ZDnet has a good article providing oversight on Artificial Intelligence and contemporary developments on modelling neural structures. As the brain is currently viewed as a modular structure, this aids a step by step approach that models individual parts.
Considerably higher up the evolutionary chain, IBM and the Ecole
Polytechnique Fédérale de Lausanne are collaborating on Blue Brain.
This is a Blue Gene supercomputer project to model 10,000 complex
neurons configured as a rat neocortical column (NCC). This is a basic
building block, a unit some 0.5 by 2mm big that's repeated throughout
the brain, and is very similar to the human column. The researchers
have mapped out the NCC through ten years of dissection and study, and
have also built a model of an individual neuron with which to populate
the model.
As it stands, the computer has 8096 processors,
each of which can model between one and ten neurons, is capable of 22.8
trillion floating point instructions per second, and is cooled by water
from Lake Geneva. The first run of the full 10,000 neuron NCC took
place as expected at the end of 2005: the researchers are now on
version two of an expected ten versions of the NCC, but aren't saying
anything about the results so far.
Once an NCC model is running well, the researchers plan to replicate it to create a full neocortex with around 20 billion neurons.
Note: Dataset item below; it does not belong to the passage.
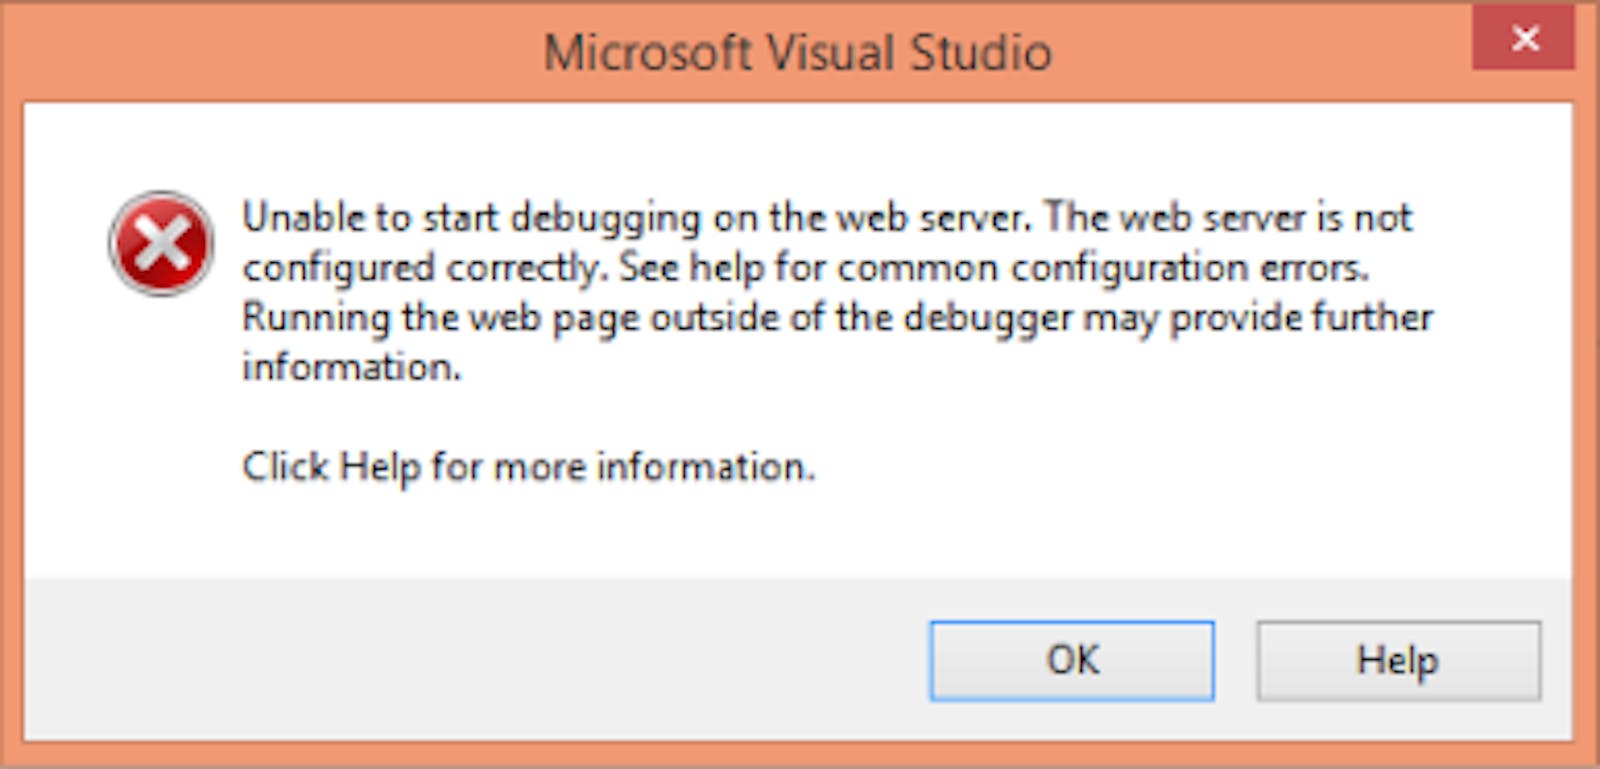 Unable to Start Debugging on the Web Server. The Web Server is not Configured correctly.

There are plenty of other bits of the brain to recreate too, such as the hippocampus, cerebellum, visual cortex and so on, adding up to around 100 billion neurons in total with 1000 times as many connections. A computer powerful enough to model the entire brain could be built in the next ten years, say the researchers, although well before that point they expect to find useful results about brain data processing, neurological diseases, and how memory and sensation work.
I will be monitoring this development closely.